Written by William Kurtz
The Dow Industrials had dropped below its “key Low” (the January 6 bottom of the upside-corrective three-wave A-B-C sequence) on January 9 and 10, and did so again today. The S & P 500 “got with the program” by closing below its January 6 Low today, as did most of the other stock indexes, including the S & P 100 and the S & P 600 SmallCaps. I think this enhances (but does not irrefutably prove) the bearish argument.
The Dow Industrials closed Down 179 points; the S & P 500 closed Down 23.17 points; the NASDAQ Composite closed Down 61 points; and the NASDAQ 100 closed Down 62 points. The Dow Transports appears to be lagging the others by a few days. It posted its new High this morning (thereby completing the fifth wave in a five-wave sequence), and promptly turned Down. Its own major trend may have switched today. The Dow Transports should begin to “play catch-up” soon. It may have started today.
The S & P 500 touched its 78.6% retracement (of the decline from the all-time High on December 31), did not care for the altitude, and promptly reversed, taking along with it everything that was gai.ned last week. You can see that “touch” and that “grand recapture” quite clearly on the attached 60-minute chart of the S & P 500.
The Dow Industrials, the S & P 500-100-400- and 600 all are slightly oversold after today’s declines. The final price bar in the 60-and 30-minute charts of the S & P 500 were “Doji Hammers,” which are bullish. (“Doji” means that the Open and the Close were the same, or very nearly so). I think that we can expect to see a bounce in the main indexes, soon if not tomorrow. This ought to be a countertrend correction which should not result in Highs above today’s intraday Highs. Assuming that the S & P 500 does not go lower first, a 50% retracement would take it back to a mini-peak of 1830; a 61.8% retracement would take it to 1833. If the bearish argument prevails, the S & P 500 should turn Down from that mini-peak, and then drive toward a new Low.

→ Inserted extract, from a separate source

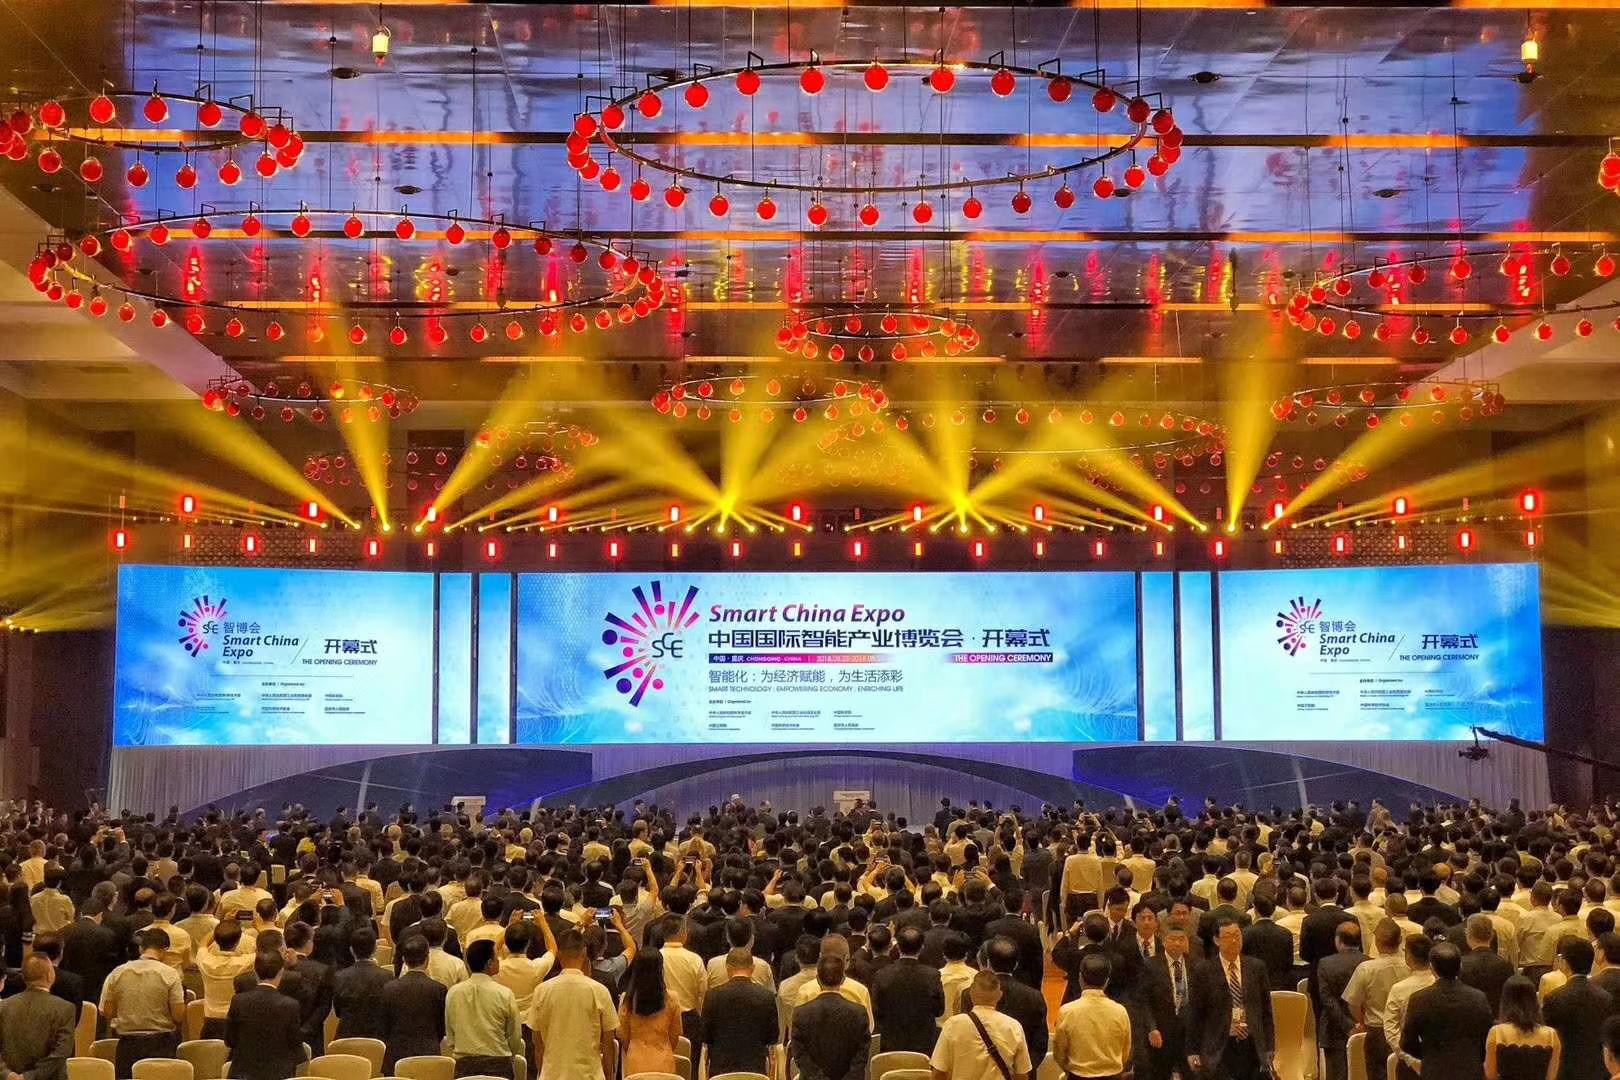 """《王者荣耀》亮相智博会,在""""大数据+智能化""""趋势下打破边界"""

The other Indexes should roughly follow suit (except the Transports, which is “running late.”)
If the Indexes were to continue lower now instead of starting a bounce now, the S & P 500 probably would find a tradable Low at about 1800; in the Dow Industrials, it would be at about 16100, or slightly lower.
We will need to see further declines before definitively “calling a top;” but the evidence for it grew substantially today. All of the Indexes are now heading in the same direction – that is, they are confirming each other. What had been a “fractured” market has now coalesced into a common pattern.
Today’s strong downside bias in the Indexes would be negated if the Indexes (the Transports excluded) were to surpass today’s Highs. Unless and until that were to happen, we’re bearish.